Another China University of Geosciences student in Wuhan, Rio Alfi, 35, said he initially had plans to return home to Pekanbaru, Riau, along with his wife and son before the lockdown was announced.

He said that although he had stored groceries for the coming week, he could not help but worry as prices of commodities had gone up while food stocks being sold had declined, leading people to scramble to get the commodities at a supermarket he had gone to.

"We're waiting for what's next because it's been three days since the lockdown. Psychologically speaking, it's pretty tough for us here in Wuhan. The student association and the Indonesian Embassy have coordinated and are monitoring the situation.

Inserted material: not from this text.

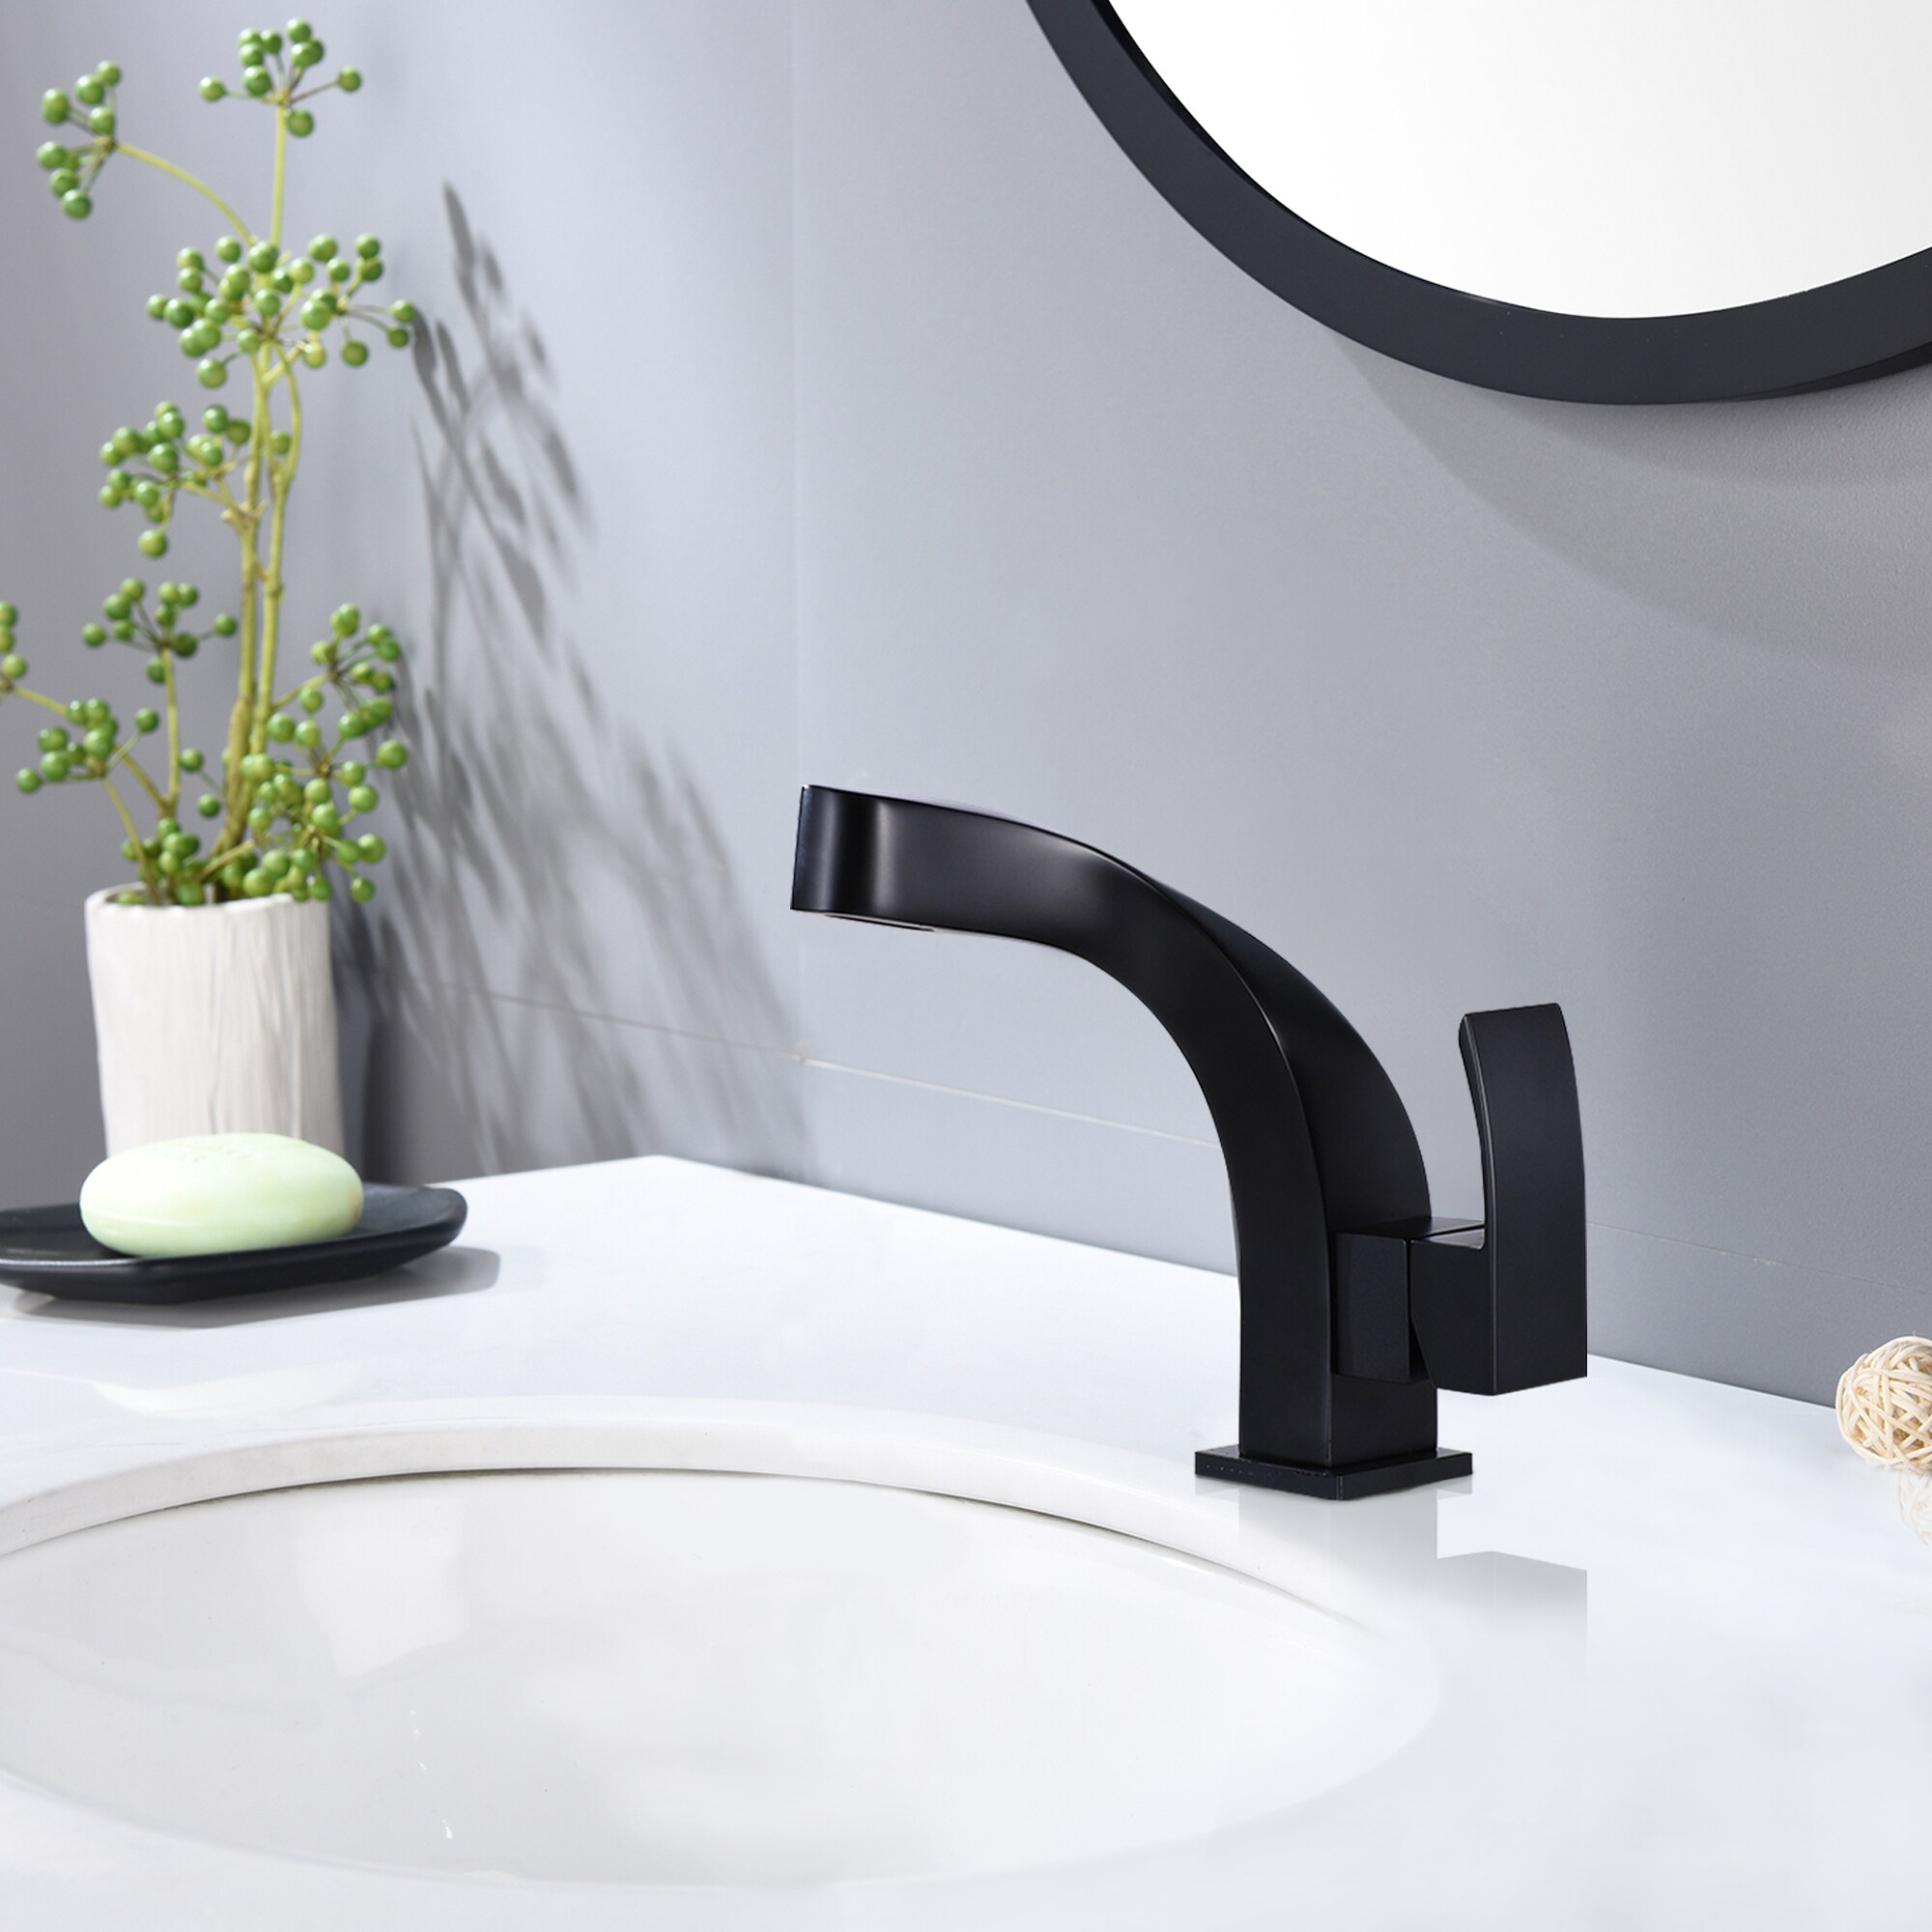 WELLFOR Deck mount bath faucet Matte Black 1-handle Single Hole Low-arc Bathroom Sink Faucet

However, there's been no decision yet as to whether we'll be evacuated out of Wuhan or receive assistance over supplies," he told the Post via text message on Saturday.

Rio, who has been studying in Wuhan since 2016, said that this year's Lunar New Year was different as fewer people were praying for their ancestors at cemeteries.

AFP reported that the Chinese army had deployed medical specialists to Wuhan on Saturday as hospitals bustled with patients, adding that authorities began building a new field hospital in Wuhan to deal with the outbreak. 

The coronavirus, which bears similarities to the severe acute respiratory syndrome (SARS), killed 54 people as of Sunday morning in China and spread around the world, including Malaysia, Singapore and Thailand, as confirmed infections surged to 1,652 people, Channel News Asia reported.

The Indonesian Foreign Ministry's director for citizen protection told the Post on Friday that as Wuhan was under quarantine, the ministry through the Indonesian Embassy in Beijing was coordinating with local authorities to provide assistance needed by Indonesian nationals in the city.

Indonesian Ambassador to China Djauhari Oratmangun said the embassy was in close contact with Indonesian citizens through Chinese messaging app WeChat.

"We're constantly in contact with them. There is a coordinator appointed in each campus' dormitory. So far, from the information that we've received, their food stock still suffices," he told the Post on Saturday.

He said the embassy had bought plane tickets for Indonesian students in Wuhan who had been traveling outside of the city prior to the lockdown so that they could return to Indonesia.

Following the lockdown, Indonesia announced a temporary suspension of all flights operated by Indonesian airlines to and from Wuhan. Authorities had activated thermal scanners at entrance points in Indonesia to detect any symptoms of the virus, such as fever.